REQUIRED WORK: Nothing in the entries should change; repeat them exactly.

### MATERIAL SUPPLIED

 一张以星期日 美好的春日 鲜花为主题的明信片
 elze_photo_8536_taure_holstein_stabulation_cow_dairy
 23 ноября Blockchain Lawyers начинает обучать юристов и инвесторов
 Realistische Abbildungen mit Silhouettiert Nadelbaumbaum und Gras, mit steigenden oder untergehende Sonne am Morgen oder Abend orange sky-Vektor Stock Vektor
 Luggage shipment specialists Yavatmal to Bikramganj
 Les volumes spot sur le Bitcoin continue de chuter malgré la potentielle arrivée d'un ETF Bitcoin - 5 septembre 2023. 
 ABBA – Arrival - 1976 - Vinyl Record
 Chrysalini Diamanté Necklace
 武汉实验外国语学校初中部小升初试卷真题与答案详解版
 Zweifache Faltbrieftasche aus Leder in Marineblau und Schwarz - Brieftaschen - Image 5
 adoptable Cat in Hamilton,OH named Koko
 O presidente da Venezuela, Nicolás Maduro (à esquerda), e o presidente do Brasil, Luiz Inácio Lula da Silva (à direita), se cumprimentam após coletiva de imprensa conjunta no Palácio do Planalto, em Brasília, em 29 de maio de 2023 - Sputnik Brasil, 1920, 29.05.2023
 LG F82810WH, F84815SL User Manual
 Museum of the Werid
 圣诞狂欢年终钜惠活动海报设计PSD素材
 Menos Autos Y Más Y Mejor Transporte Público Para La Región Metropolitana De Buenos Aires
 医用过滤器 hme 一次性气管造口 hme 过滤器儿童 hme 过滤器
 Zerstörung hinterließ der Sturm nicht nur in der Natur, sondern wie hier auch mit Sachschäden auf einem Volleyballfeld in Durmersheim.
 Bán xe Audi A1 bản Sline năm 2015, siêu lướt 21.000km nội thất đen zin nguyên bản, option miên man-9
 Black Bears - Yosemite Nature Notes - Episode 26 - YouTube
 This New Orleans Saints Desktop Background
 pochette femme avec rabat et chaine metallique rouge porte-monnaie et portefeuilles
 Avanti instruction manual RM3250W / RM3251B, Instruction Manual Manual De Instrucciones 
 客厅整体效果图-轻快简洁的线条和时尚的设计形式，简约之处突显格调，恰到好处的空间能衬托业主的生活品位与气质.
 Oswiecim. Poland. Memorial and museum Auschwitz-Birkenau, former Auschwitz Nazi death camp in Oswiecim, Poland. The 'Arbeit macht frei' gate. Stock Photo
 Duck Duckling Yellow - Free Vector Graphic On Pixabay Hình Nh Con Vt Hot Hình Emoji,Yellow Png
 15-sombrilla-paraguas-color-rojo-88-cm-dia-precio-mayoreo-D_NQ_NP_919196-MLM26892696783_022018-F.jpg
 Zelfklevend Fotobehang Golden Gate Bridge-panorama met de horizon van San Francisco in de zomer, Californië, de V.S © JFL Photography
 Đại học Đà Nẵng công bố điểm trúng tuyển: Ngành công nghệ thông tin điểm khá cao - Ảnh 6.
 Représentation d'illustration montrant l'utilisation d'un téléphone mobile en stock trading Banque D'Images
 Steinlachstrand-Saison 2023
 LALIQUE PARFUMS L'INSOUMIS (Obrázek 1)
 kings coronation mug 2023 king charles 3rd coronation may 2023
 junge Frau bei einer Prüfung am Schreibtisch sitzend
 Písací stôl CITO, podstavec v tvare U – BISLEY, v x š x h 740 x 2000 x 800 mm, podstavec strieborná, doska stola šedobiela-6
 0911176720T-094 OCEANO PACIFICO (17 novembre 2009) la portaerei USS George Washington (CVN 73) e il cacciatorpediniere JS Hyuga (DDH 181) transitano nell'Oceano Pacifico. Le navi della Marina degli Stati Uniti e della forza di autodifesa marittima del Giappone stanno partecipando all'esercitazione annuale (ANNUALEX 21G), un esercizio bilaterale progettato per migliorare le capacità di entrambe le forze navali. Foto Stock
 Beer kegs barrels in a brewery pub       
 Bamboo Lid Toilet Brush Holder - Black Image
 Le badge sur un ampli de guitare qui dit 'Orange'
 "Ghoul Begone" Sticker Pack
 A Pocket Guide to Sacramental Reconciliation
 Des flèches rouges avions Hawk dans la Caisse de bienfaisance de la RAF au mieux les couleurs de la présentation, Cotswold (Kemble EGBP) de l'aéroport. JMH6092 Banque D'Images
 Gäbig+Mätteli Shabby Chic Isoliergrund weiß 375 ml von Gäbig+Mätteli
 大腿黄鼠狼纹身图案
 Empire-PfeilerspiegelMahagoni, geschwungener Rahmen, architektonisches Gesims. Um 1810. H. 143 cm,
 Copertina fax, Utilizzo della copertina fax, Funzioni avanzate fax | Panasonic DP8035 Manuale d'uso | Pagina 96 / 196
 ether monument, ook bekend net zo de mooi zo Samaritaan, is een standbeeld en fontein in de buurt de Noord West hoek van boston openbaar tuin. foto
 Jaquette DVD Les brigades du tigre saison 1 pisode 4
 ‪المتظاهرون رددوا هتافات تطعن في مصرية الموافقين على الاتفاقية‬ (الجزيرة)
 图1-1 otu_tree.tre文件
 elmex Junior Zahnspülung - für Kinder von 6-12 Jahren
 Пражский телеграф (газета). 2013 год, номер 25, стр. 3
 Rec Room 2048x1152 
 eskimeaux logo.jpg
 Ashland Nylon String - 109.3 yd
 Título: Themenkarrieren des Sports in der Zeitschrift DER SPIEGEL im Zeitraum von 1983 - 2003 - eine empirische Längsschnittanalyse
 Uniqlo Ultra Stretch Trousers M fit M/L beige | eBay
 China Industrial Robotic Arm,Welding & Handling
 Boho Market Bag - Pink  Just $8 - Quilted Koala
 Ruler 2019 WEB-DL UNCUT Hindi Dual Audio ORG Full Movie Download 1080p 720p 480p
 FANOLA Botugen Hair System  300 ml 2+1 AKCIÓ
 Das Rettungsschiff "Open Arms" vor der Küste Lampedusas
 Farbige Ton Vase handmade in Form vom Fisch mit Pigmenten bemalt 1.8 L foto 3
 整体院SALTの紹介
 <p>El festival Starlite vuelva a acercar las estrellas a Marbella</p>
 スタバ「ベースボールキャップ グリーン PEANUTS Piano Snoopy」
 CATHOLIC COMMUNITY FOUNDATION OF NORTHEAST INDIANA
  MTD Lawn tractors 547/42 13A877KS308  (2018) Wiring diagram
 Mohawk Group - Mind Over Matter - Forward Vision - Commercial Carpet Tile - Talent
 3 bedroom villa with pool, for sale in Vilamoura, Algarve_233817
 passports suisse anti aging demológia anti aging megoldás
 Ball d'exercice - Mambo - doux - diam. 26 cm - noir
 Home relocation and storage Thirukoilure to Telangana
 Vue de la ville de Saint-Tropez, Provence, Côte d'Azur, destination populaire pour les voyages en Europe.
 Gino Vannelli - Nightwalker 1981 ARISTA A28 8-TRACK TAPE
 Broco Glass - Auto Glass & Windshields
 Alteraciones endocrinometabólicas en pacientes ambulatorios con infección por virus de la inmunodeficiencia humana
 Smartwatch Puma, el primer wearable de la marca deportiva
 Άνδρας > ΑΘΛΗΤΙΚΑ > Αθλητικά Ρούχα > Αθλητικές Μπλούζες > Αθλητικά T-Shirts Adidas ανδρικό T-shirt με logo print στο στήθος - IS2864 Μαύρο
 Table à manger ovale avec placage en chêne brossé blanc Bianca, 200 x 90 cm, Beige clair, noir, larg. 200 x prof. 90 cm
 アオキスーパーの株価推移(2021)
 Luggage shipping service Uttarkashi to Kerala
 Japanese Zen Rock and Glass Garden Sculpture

######

EXERCISE RESPONSE:
 一张以星期日 美好的春日 鲜花为主题的明信片
 elze_photo_8536_taure_holstein_stabulation_cow_dairy
 23 ноября Blockchain Lawyers начинает обучать юристов и инвесторов
 Realistische Abbildungen mit Silhouettiert Nadelbaumbaum und Gras, mit steigenden oder untergehende Sonne am Morgen oder Abend orange sky-Vektor Stock Vektor
 Luggage shipment specialists Yavatmal to Bikramganj
 Les volumes spot sur le Bitcoin continue de chuter malgré la potentielle arrivée d'un ETF Bitcoin - 5 septembre 2023. 
 ABBA – Arrival - 1976 - Vinyl Record
 Chrysalini Diamanté Necklace
 武汉实验外国语学校初中部小升初试卷真题与答案详解版
 Zweifache Faltbrieftasche aus Leder in Marineblau und Schwarz - Brieftaschen - Image 5
 adoptable Cat in Hamilton,OH named Koko
 O presidente da Venezuela, Nicolás Maduro (à esquerda), e o presidente do Brasil, Luiz Inácio Lula da Silva (à direita), se cumprimentam após coletiva de imprensa conjunta no Palácio do Planalto, em Brasília, em 29 de maio de 2023 - Sputnik Brasil, 1920, 29.05.2023
 LG F82810WH, F84815SL User Manual
 Museum of the Werid
 圣诞狂欢年终钜惠活动海报设计PSD素材
 Menos Autos Y Más Y Mejor Transporte Público Para La Región Metropolitana De Buenos Aires
 医用过滤器 hme 一次性气管造口 hme 过滤器儿童 hme 过滤器
 Zerstörung hinterließ der Sturm nicht nur in der Natur, sondern wie hier auch mit Sachschäden auf einem Volleyballfeld in Durmersheim.
 Bán xe Audi A1 bản Sline năm 2015, siêu lướt 21.000km nội thất đen zin nguyên bản, option miên man-9
 Black Bears - Yosemite Nature Notes - Episode 26 - YouTube
 This New Orleans Saints Desktop Background
 pochette femme avec rabat et chaine metallique rouge porte-monnaie et portefeuilles
 Avanti instruction manual RM3250W / RM3251B, Instruction Manual Manual De Instrucciones 
 客厅整体效果图-轻快简洁的线条和时尚的设计形式，简约之处突显格调，恰到好处的空间能衬托业主的生活品位与气质.
 Oswiecim. Poland. Memorial and museum Auschwitz-Birkenau, former Auschwitz Nazi death camp in Oswiecim, Poland. The 'Arbeit macht frei' gate. Stock Photo
 Duck Duckling Yellow - Free Vector Graphic On Pixabay Hình Nh Con Vt Hot Hình Emoji,Yellow Png
 15-sombrilla-paraguas-color-rojo-88-cm-dia-precio-mayoreo-D_NQ_NP_919196-MLM26892696783_022018-F.jpg
 Zelfklevend Fotobehang Golden Gate Bridge-panorama met de horizon van San Francisco in de zomer, Californië, de V.S © JFL Photography
 Đại học Đà Nẵng công bố điểm trúng tuyển: Ngành công nghệ thông tin điểm khá cao - Ảnh 6.
 Représentation d'illustration montrant l'utilisation d'un téléphone mobile en stock trading Banque D'Images
 Steinlachstrand-Saison 2023
 LALIQUE PARFUMS L'INSOUMIS (Obrázek 1)
 kings coronation mug 2023 king charles 3rd coronation may 2023
 junge Frau bei einer Prüfung am Schreibtisch sitzend
 Písací stôl CITO, podstavec v tvare U – BISLEY, v x š x h 740 x 2000 x 800 mm, podstavec strieborná, doska stola šedobiela-6
 0911176720T-094 OCEANO PACIFICO (17 novembre 2009) la portaerei USS George Washington (CVN 73) e il cacciatorpediniere JS Hyuga (DDH 181) transitano nell'Oceano Pacifico. Le navi della Marina degli Stati Uniti e della forza di autodifesa marittima del Giappone stanno partecipando all'esercitazione annuale (ANNUALEX 21G), un esercizio bilaterale progettato per migliorare le capacità di entrambe le forze navali. Foto Stock
 Beer kegs barrels in a brewery pub       
 Bamboo Lid Toilet Brush Holder - Black Image
 Le badge sur un ampli de guitare qui dit 'Orange'
 "Ghoul Begone" Sticker Pack
 A Pocket Guide to Sacramental Reconciliation
 Des flèches rouges avions Hawk dans la Caisse de bienfaisance de la RAF au mieux les couleurs de la présentation, Cotswold (Kemble EGBP) de l'aéroport. JMH6092 Banque D'Images
 Gäbig+Mätteli Shabby Chic Isoliergrund weiß 375 ml von Gäbig+Mätteli
 大腿黄鼠狼纹身图案
 Empire-PfeilerspiegelMahagoni, geschwungener Rahmen, architektonisches Gesims. Um 1810. H. 143 cm,
 Copertina fax, Utilizzo della copertina fax, Funzioni avanzate fax | Panasonic DP8035 Manuale d'uso | Pagina 96 / 196
 ether monument, ook bekend net zo de mooi zo Samaritaan, is een standbeeld en fontein in de buurt de Noord West hoek van boston openbaar tuin. foto
 Jaquette DVD Les brigades du tigre saison 1 pisode 4
 ‪المتظاهرون رددوا هتافات تطعن في مصرية الموافقين على الاتفاقية‬ (الجزيرة)
 图1-1 otu_tree.tre文件
 elmex Junior Zahnspülung - für Kinder von 6-12 Jahren
 Пражский телеграф (газета). 2013 год, номер 25, стр. 3
 Rec Room 2048x1152 
 eskimeaux logo.jpg
 Ashland Nylon String - 109.3 yd
 Título: Themenkarrieren des Sports in der Zeitschrift DER SPIEGEL im Zeitraum von 1983 - 2003 - eine empirische Längsschnittanalyse
 Uniqlo Ultra Stretch Trousers M fit M/L beige | eBay
 China Industrial Robotic Arm,Welding & Handling
 Boho Market Bag - Pink  Just $8 - Quilted Koala
 Ruler 2019 WEB-DL UNCUT Hindi Dual Audio ORG Full Movie Download 1080p 720p 480p
 FANOLA Botugen Hair System  300 ml 2+1 AKCIÓ
 Das Rettungsschiff "Open Arms" vor der Küste Lampedusas
 Farbige Ton Vase handmade in Form vom Fisch mit Pigmenten bemalt 1.8 L foto 3
 整体院SALTの紹介
 <p>El festival Starlite vuelva a acercar las estrellas a Marbella</p>
 スタバ「ベースボールキャップ グリーン PEANUTS Piano Snoopy」
 CATHOLIC COMMUNITY FOUNDATION OF NORTHEAST INDIANA
  MTD Lawn tractors 547/42 13A877KS308  (2018) Wiring diagram
 Mohawk Group - Mind Over Matter - Forward Vision - Commercial Carpet Tile - Talent
 3 bedroom villa with pool, for sale in Vilamoura, Algarve_233817
 passports suisse anti aging demológia anti aging megoldás
 Ball d'exercice - Mambo - doux - diam. 26 cm - noir
 Home relocation and storage Thirukoilure to Telangana
 Vue de la ville de Saint-Tropez, Provence, Côte d'Azur, destination populaire pour les voyages en Europe.
 Gino Vannelli - Nightwalker 1981 ARISTA A28 8-TRACK TAPE
 Broco Glass - Auto Glass & Windshields
 Alteraciones endocrinometabólicas en pacientes ambulatorios con infección por virus de la inmunodeficiencia humana
 Smartwatch Puma, el primer wearable de la marca deportiva
 Άνδρας > ΑΘΛΗΤΙΚΑ > Αθλητικά Ρούχα > Αθλητικές Μπλούζες > Αθλητικά T-Shirts Adidas ανδρικό T-shirt με logo print στο στήθος - IS2864 Μαύρο
 Table à manger ovale avec placage en chêne brossé blanc Bianca, 200 x 90 cm, Beige clair, noir, larg. 200 x prof. 90 cm
 アオキスーパーの株価推移(2021)
 Luggage shipping service Uttarkashi to Kerala
 Japanese Zen Rock and Glass Garden Sculpture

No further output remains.